4. Disallowance of Rs. 5.11 Lacs: 4.1 The assessee claimed loss incurred in investment in subsidiary company. The assessee promoted a subsidiary company in Germany and made equity investment. Since the venture failed, the investment thus lost was claimed as an expenditure. The Ld. AO disallowed the same on the ground that it was capital item. The Ld. CIT(A) confirmed the same but directed Ld. AO to treat the loss as long-term capital loss which would be allowed to be carried forward. 4.2 We find that Ld. CIT(A) has clinched the issue in correct perspective. The loss of equity investment could not be allowed as revenue expenditure. The same is in capital field for which adequate directions have been issued by Ld. CIT(A). The same do not require any interference on our part. This issue stand dismissed. The appeal stands partly allowed in terms of our above order. & 187/Coch/2017 - 5 -
5. Assessment Year 2009-10 In this year, the additional issues that arises for our adjudication are- i) disallowance of current repairs; ii) Assessment of Income Tax Refund. The same are adjudicated as under.
6. Disallowance of Current Repairs 6.1 The assessee claimed an amount of Rs.101.87 Lacs as revenue expenditure which is addition to building and electrical fittings on leasehold premises. The Ld. AO, invoking Explanation-1 to Sec.32(1) held that capital expenditure incurred on a leased building was to be capitalized and depreciation would be allowed. Therefore, the amount of Rs.101.87 Lacs was disallowed. The Ld. CIT(A) confirmed the same but directed Ld. AO to allow deprecation on capital component of expenditure. Aggrieved the assessee is in further appeal before us. 6.2 From the facts, it emerges that the assessee has incurred expenditure on existing building which is erected on leased land. This being so, Explanation-1 would apply since the nature of expenditure is capital expenditure. Therefore, the expenditure is to be capitalized and depreciation would be allowable to the assessee. The Ld. AO is directed to allow depreciation on this expenditure. The assessee is directed to provide requisite details. This ground stand partly allowed.
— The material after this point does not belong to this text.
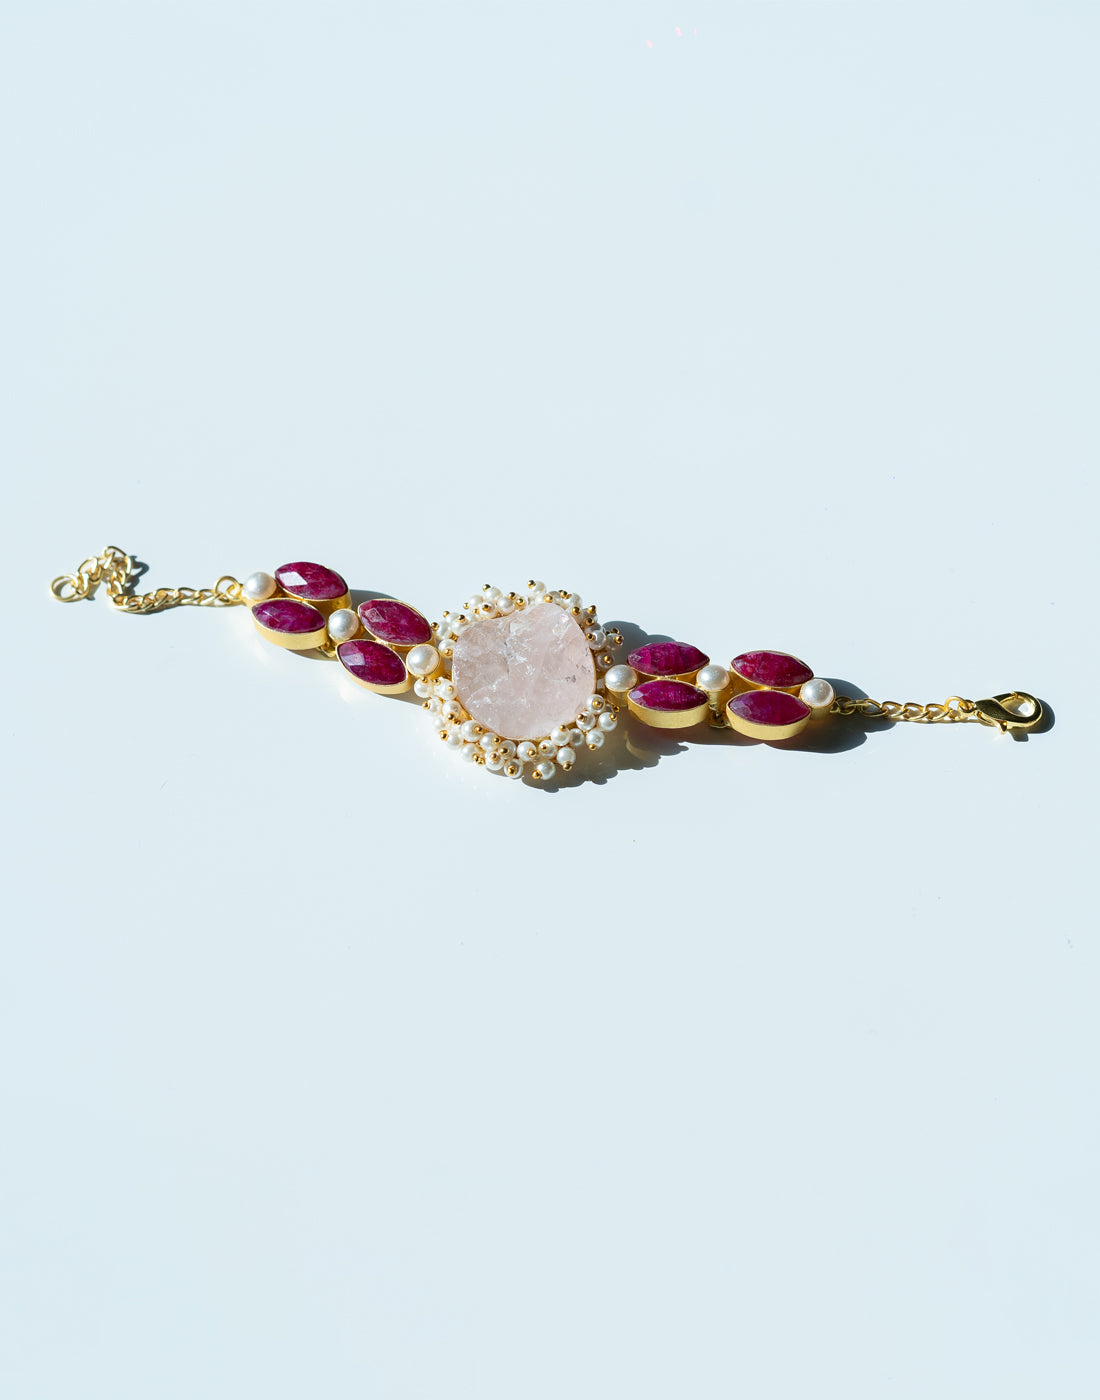 Rose & Haathi Bracelet- Handcrafted Jewellery from Dori

7. Assessment of Income Tax Refund 7.1 The assessee received interest on Income Tax Refund for AY 2006-07 for Rs.12.54 Lacs as per intimation u/s 143(1). As per order u/s 143(3), further amount of interest was Rs.8.62 Lacs. However, none of the interest was offered to tax on the ground that the order u/s 143(3) was in further appeal. Rejecting the same, Ld. AO treated the aggregate interest of Rs.21.17 Lacs as income of the assessee.